Given material below:

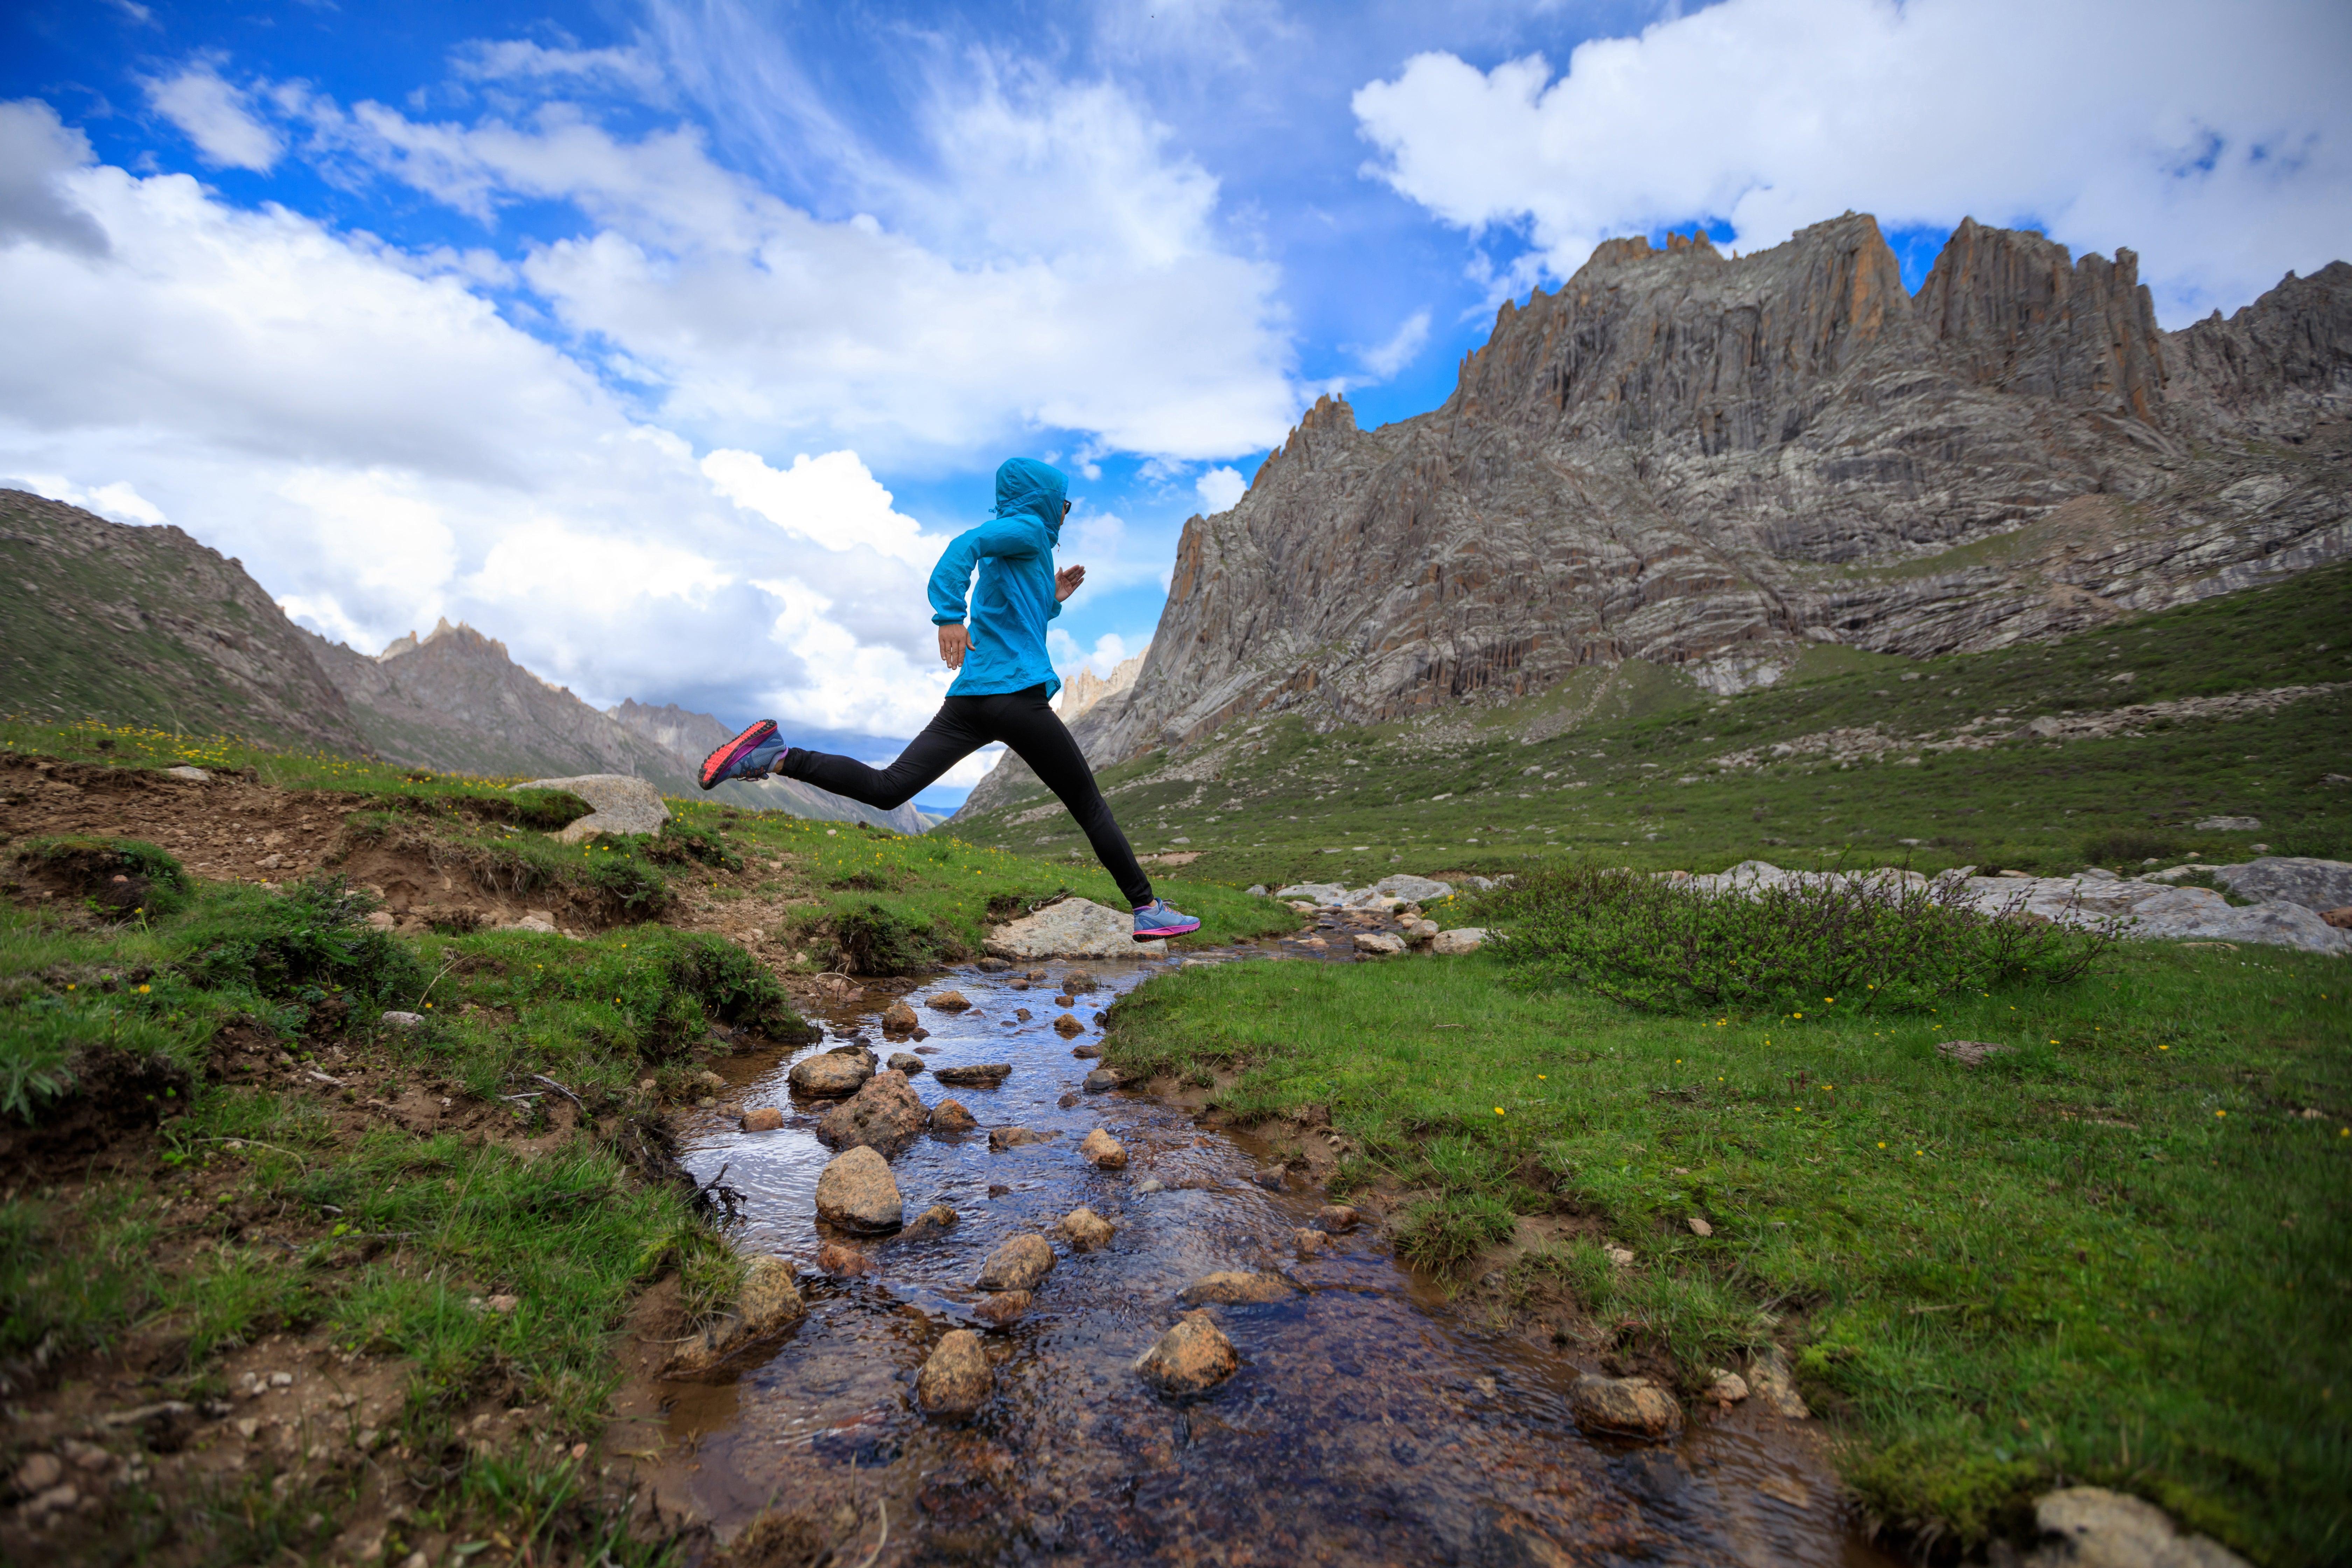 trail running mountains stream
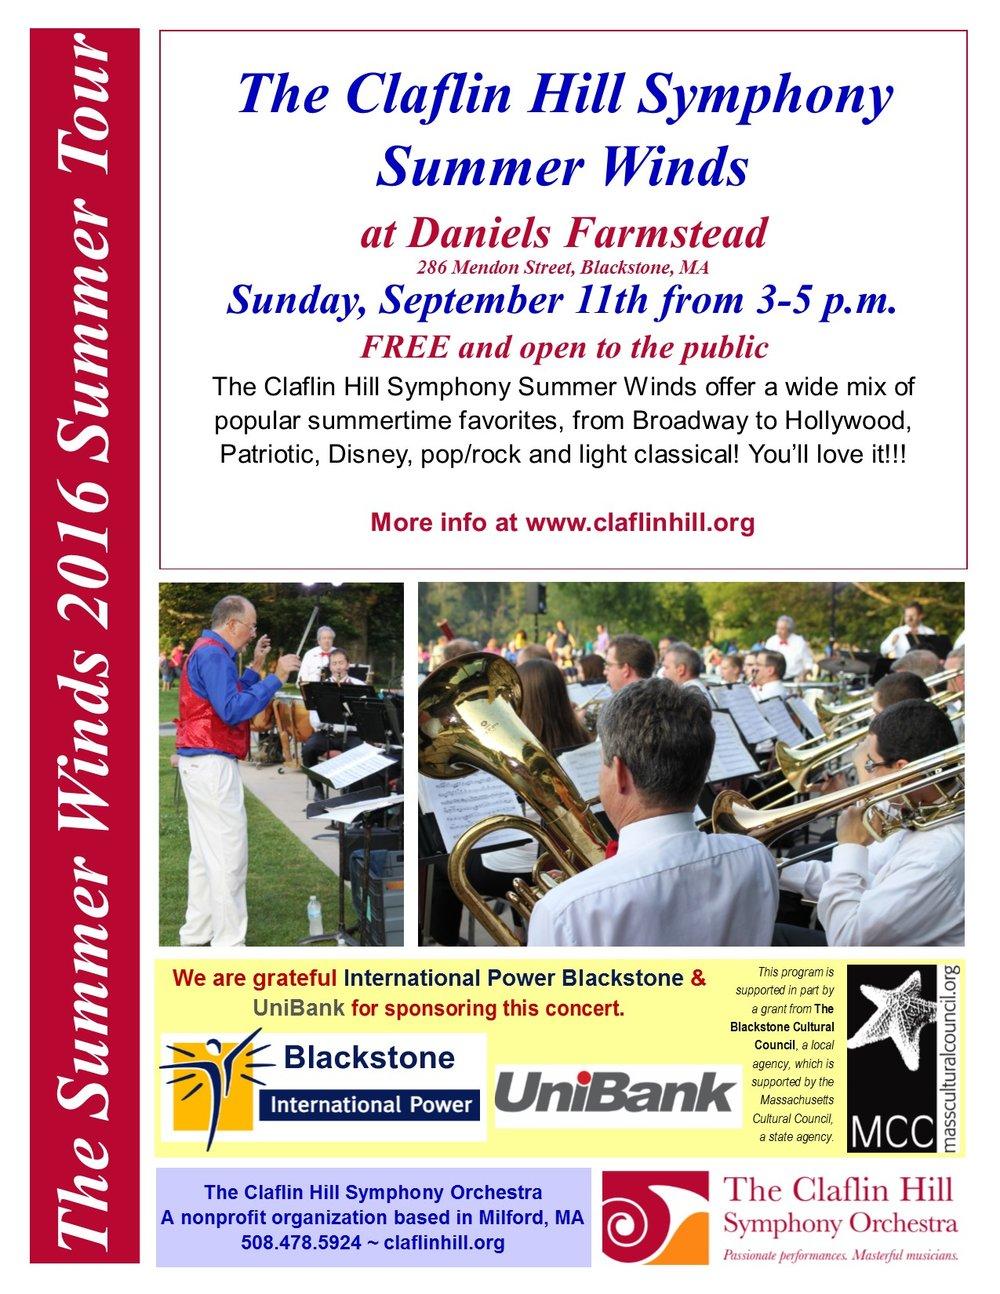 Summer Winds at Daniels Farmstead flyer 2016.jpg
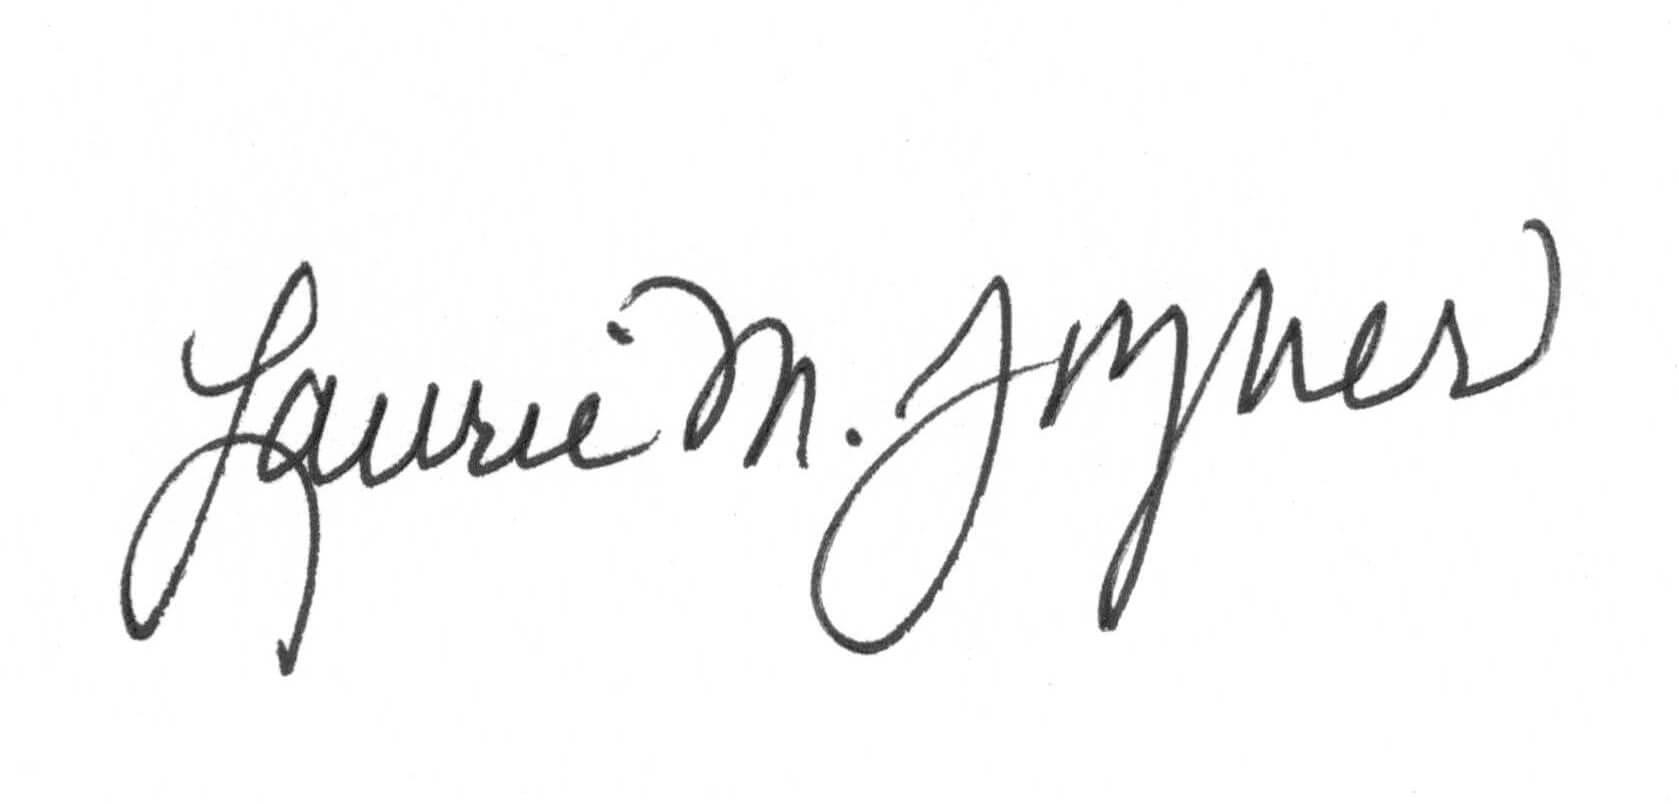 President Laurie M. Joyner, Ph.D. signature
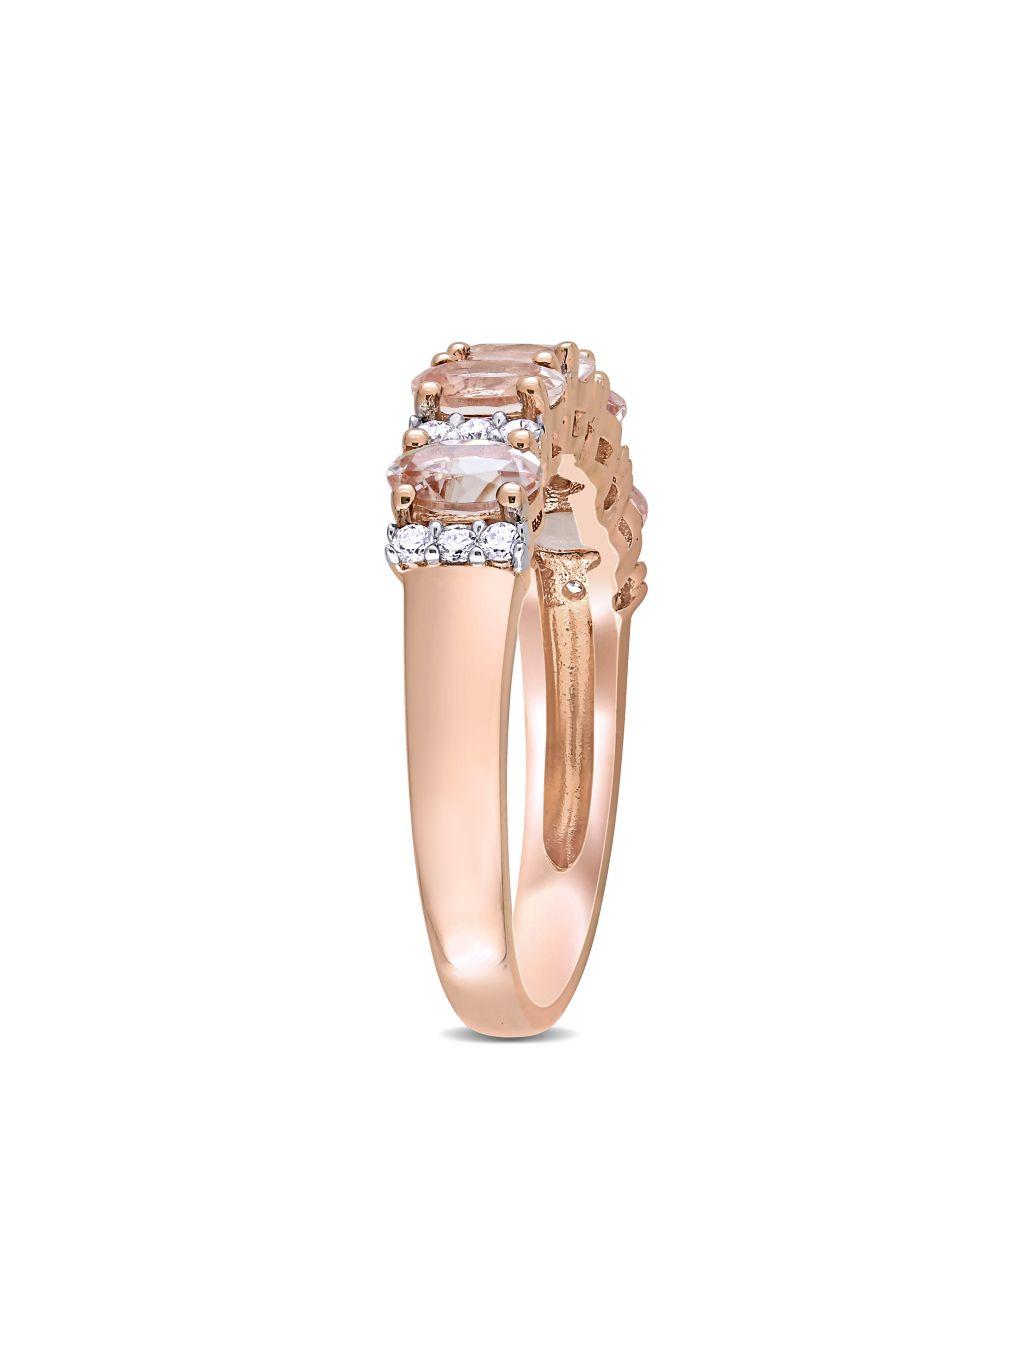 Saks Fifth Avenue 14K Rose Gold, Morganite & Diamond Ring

End of Given material.

• **Your task**
All lines from the one containing "Summer Winds at" through the end of the data are to be restated exactly, with nothing else and without the pictures.

• **Expected answer**
 Summer Winds at Daniels Farmstead flyer 2016.jpg
 President Laurie M. Joyner, Ph.D. signature
 Saks Fifth Avenue 14K Rose Gold, Morganite & Diamond Ring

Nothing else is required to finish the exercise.